Exact solution of the magnetic properties for ternary ferrimagnetic mixed-spin Ising nanoislands
Published in Phase Transitions, 2022
We know that when the particle size is smaller than the critical size, the ferromagnetic material with single-domain structure shows paramagnetism at temperature below Curie temperature and above Block temperature, and hysteresis does not appear under the action of external magnetic field. Due to the up-down symmetry of spin direction in spin space, the Ising nanoisland system will not show spontaneous magnetization and macroscopically will show superparamagnetism. The spontaneous magnetization and hysteresis behavior in nanoisland system found by mean-field theory or correlated effective field theory are due to the assumption of the order parameters existing in the system at finite temperature in these theories. The single spin flipping in Monte Carlo simulation may be the reason that the nanoisland shows spontaneous magnetization and hysteresis loop. In this way, only the local environment of a spin is considered but the symmetry of the whole for spins is ignored.
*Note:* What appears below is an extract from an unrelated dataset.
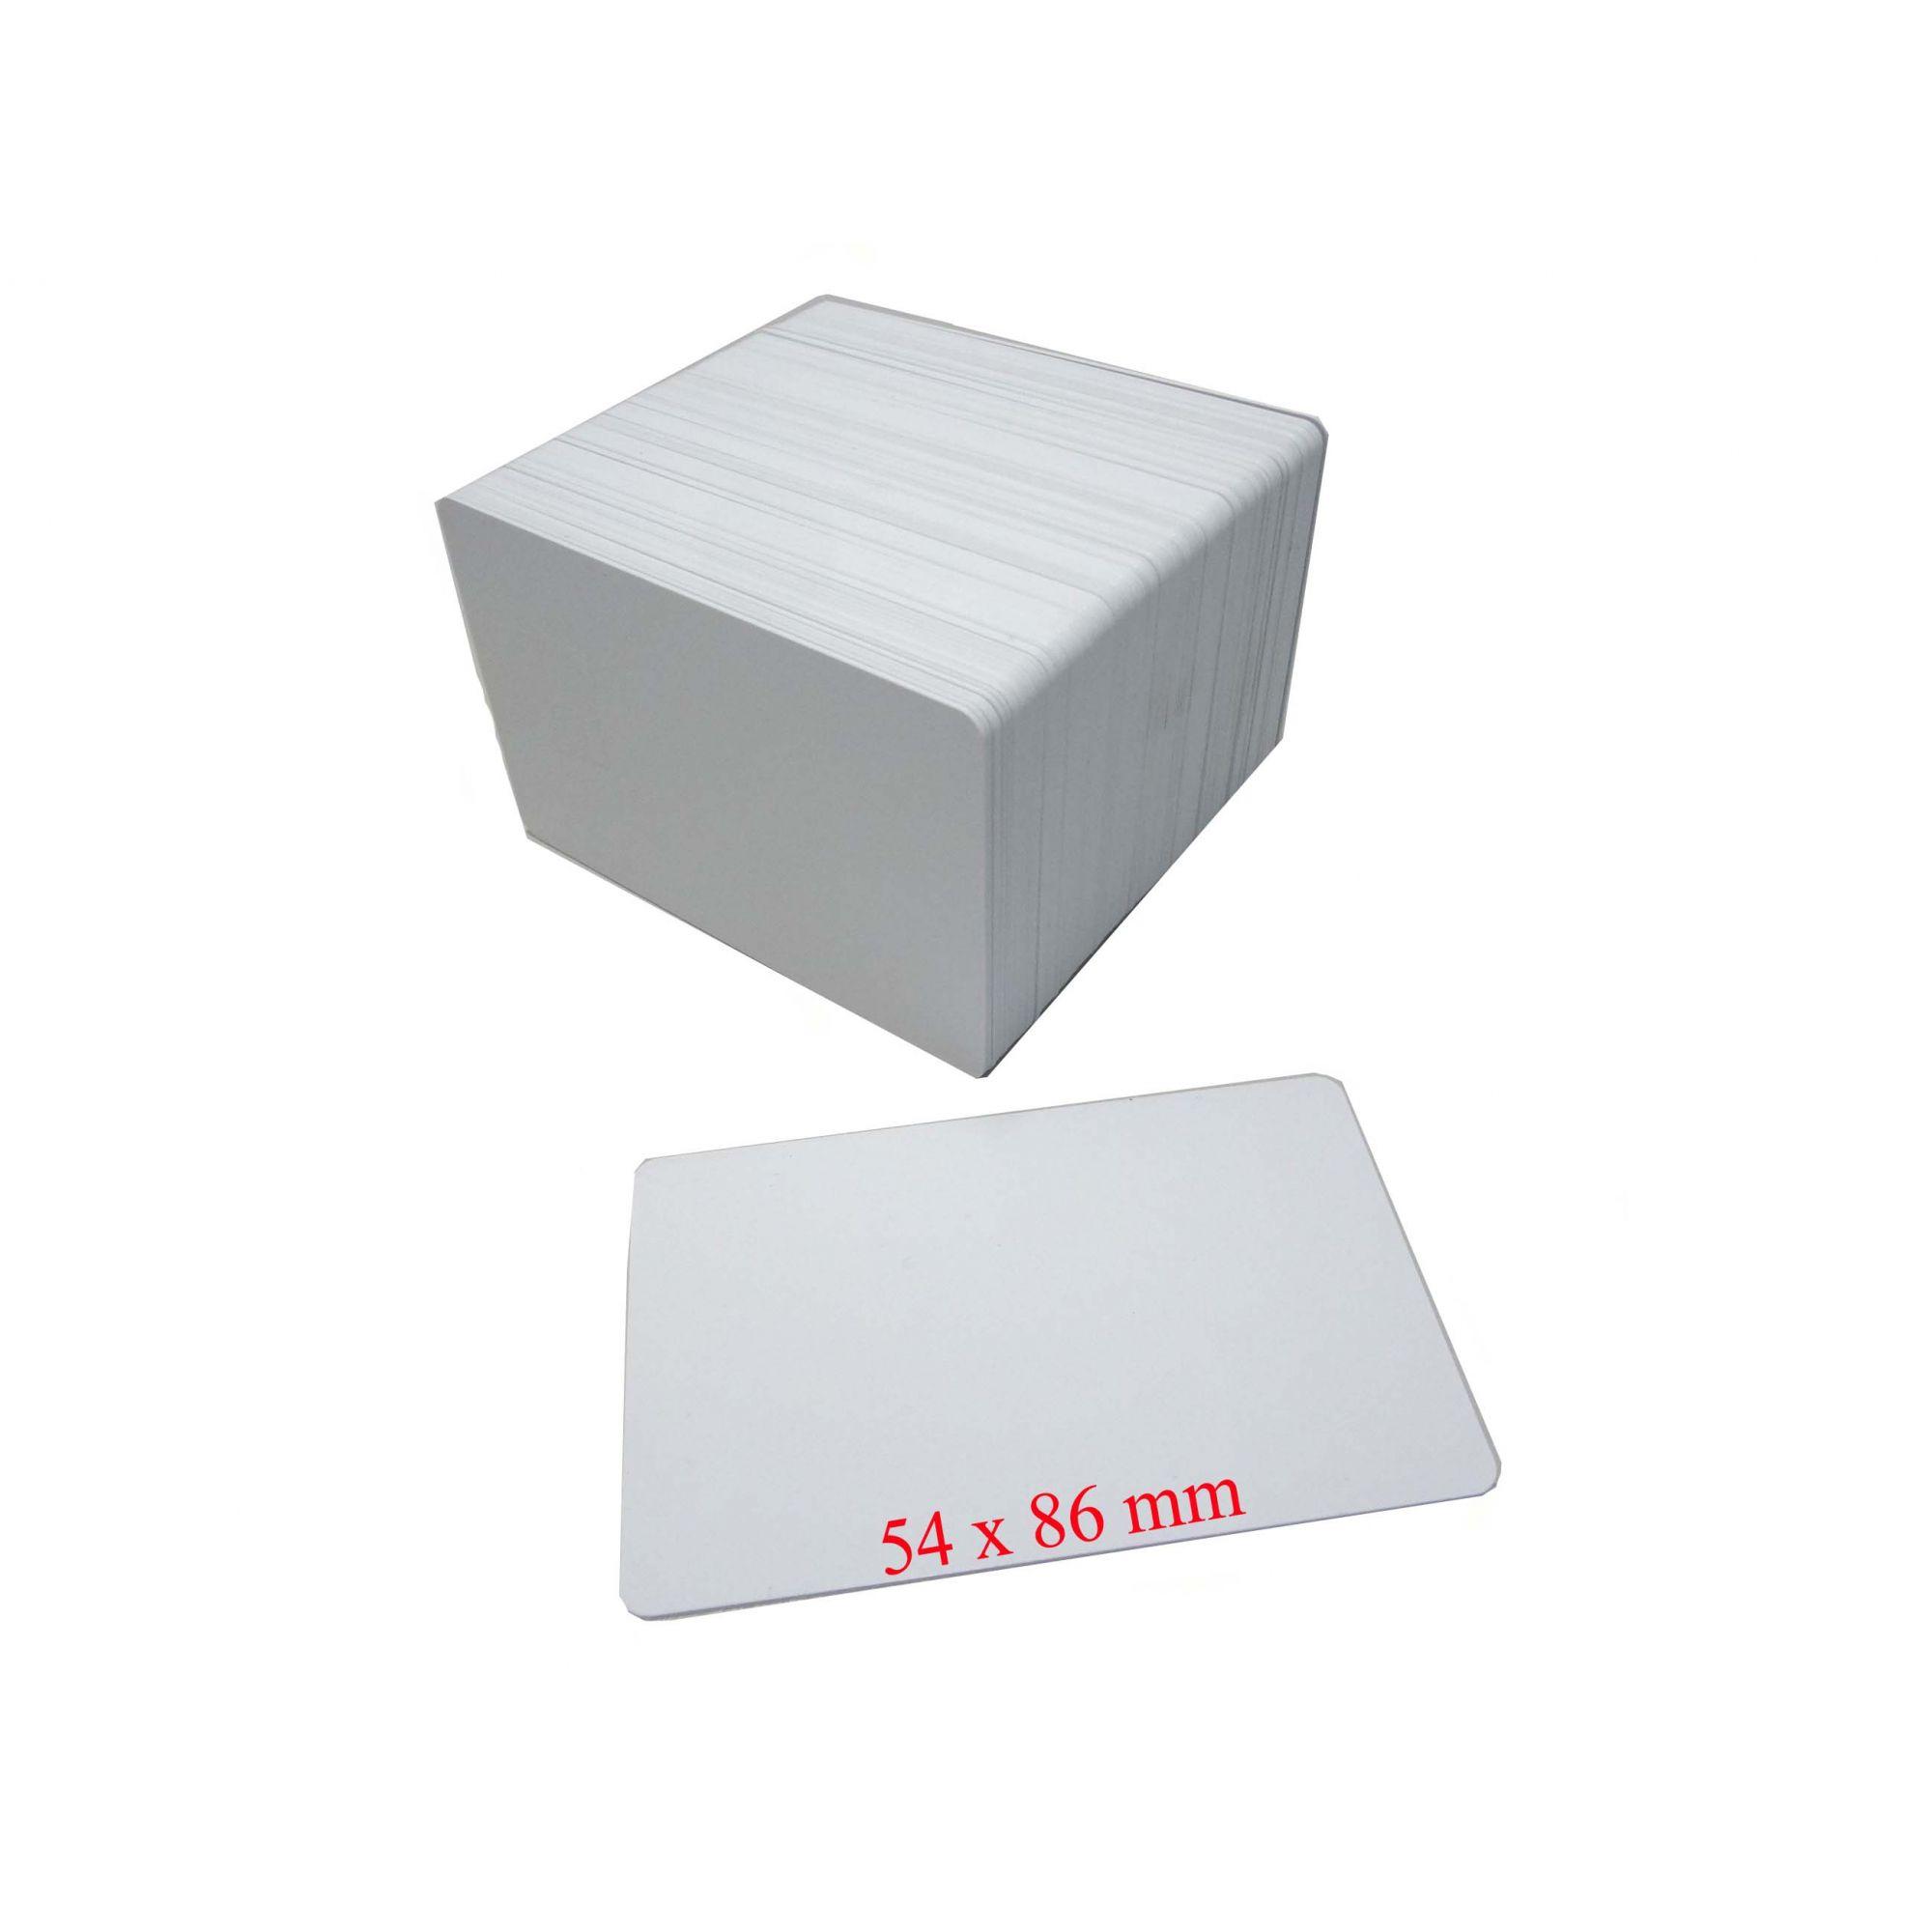 c) Cartão PVC Branco Espessura 076 Tamanho 54 X 86 mm

In this paper, we will solve exactly the ternary ferrimagnetic mixed-spin Ising nanoisland model based on the finite number of spins and geometric symmetry by using the transfer matrix method. In the second section, we introduce the application of transfer matrix method to the nanoisland model. The temperature behavior of susceptibility and magnetization behavior of the system are given in the third section. The fourth part is a summary of the paper.